Notre apport spécifique à notre niveau, consiste en une conception théorique orientée argumentée, du possible lien entre dynamique familiale et problématique du processus de séparation-individuation de l’adolescent, en appui sur les théories tenants au modèle psychodynamique dont celui de la théorie familiale psychanalytique encore peu investiguée jusqu’à présent, dans ce domaine de recherche. A travers un angle de vue hypothétique conceptuel précis, nous relions un niveau de compréhension psychodynamique initialement intrapsychique à un niveau de compréhension psychanalytique groupal familial, pour proposer une compréhension modélisée élargie du processus de l’agir sexuel adolescent, où dans le cadre d’un système d’interactions complexes, la dynamique familiale pourrait être à l’origine de cet empêchement du processus adolescent repéré initialement par les cliniciens de l’approche intrapsychique chez ces jeunes. Cet empêchement pouvant être le générateur de la mise en acte, point de départ de notre argumentation.

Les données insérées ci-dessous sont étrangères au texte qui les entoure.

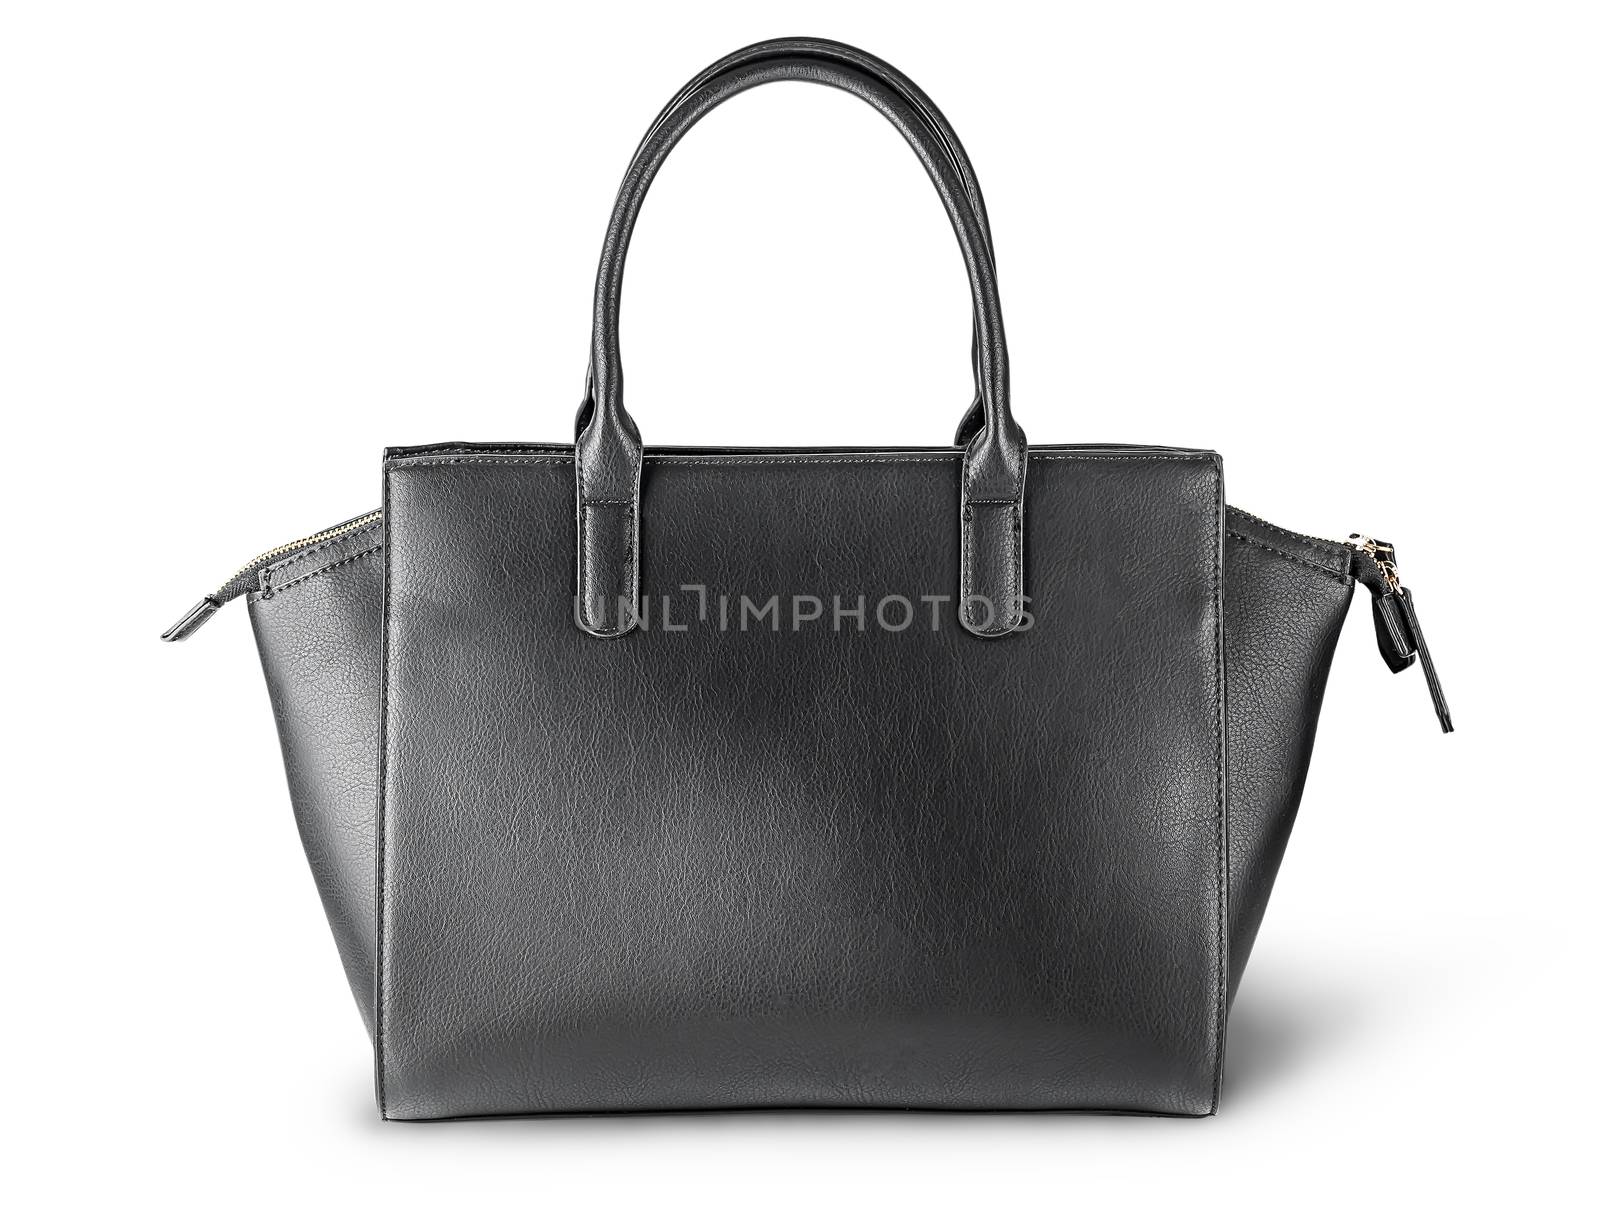 Ladies black leather bag back view by Cipariss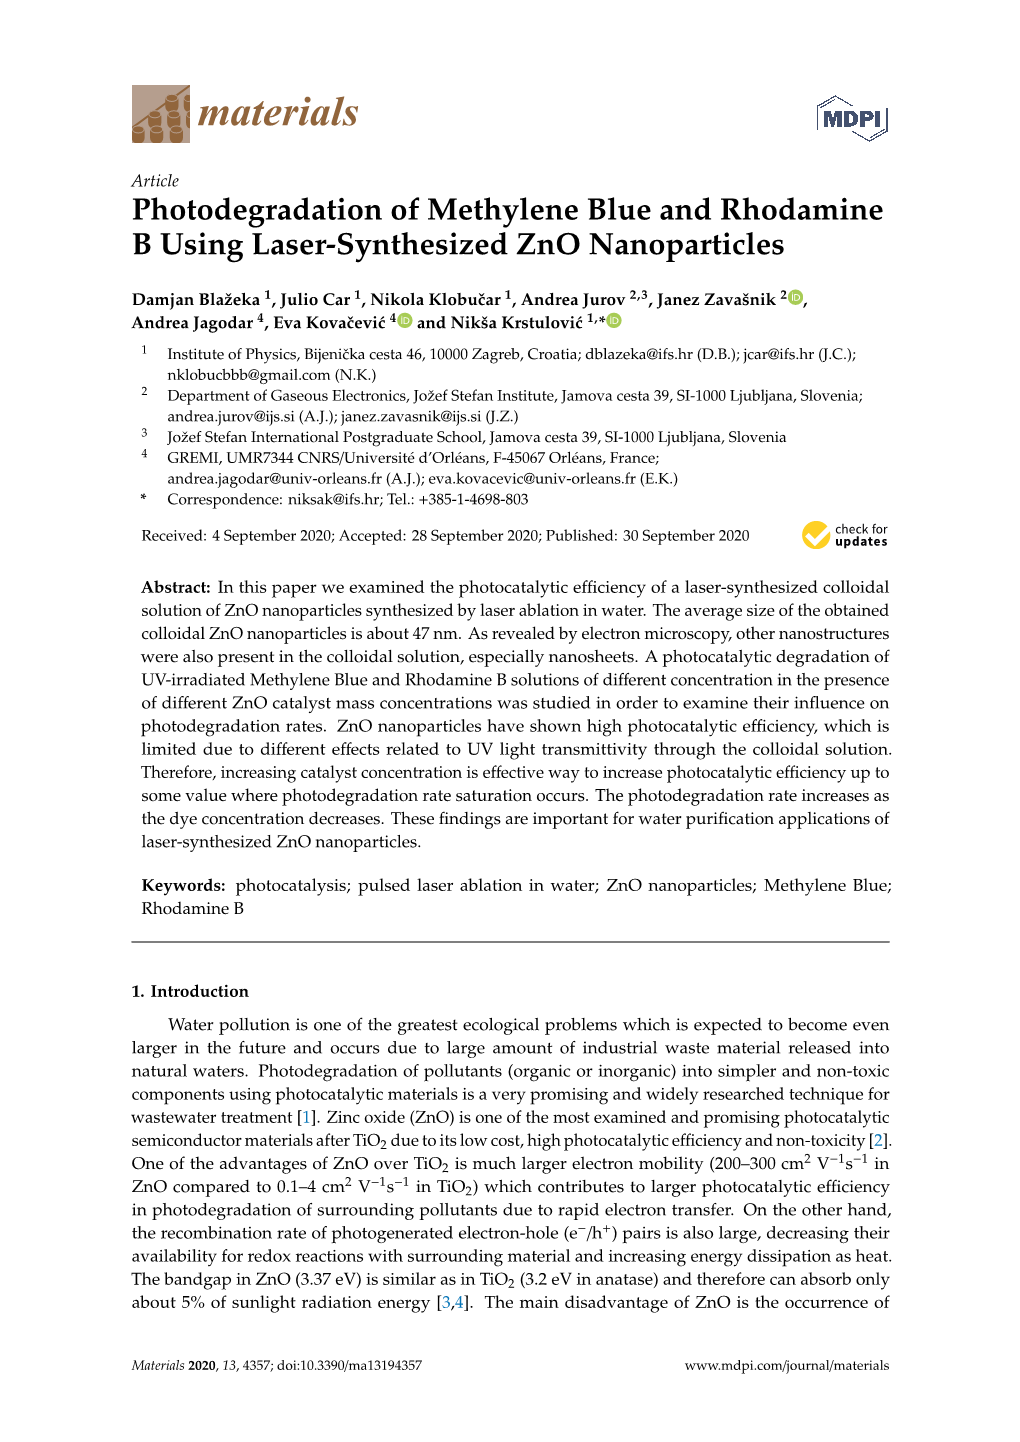 Photodegradation of Methylene Blue and Rhodamine B Using Laser-Synthesized Zno Nanoparticles

C’est ainsi que tout naturellement, nous dirigeons le focus sur la groupalité familiale, dans une perspective spécifique, trans-psychique, qui consisterait à prendre en compte le groupe famille dans sa capacité ou non à entrer dans une position dépressive familiale structurante, et de l’état du miroir familial constitué à cette période de l’adolescence.

Pour approfondir cette réflexion, nous proposons de répertorier plus précisément les marqueurs du miroir familial, qui pourraient nous permettre une telle investigation, en nous appuyant sur la conceptualisation théorique familiale psychanalytique. C’est ce que nous proposons de présenter au prochain chapitre.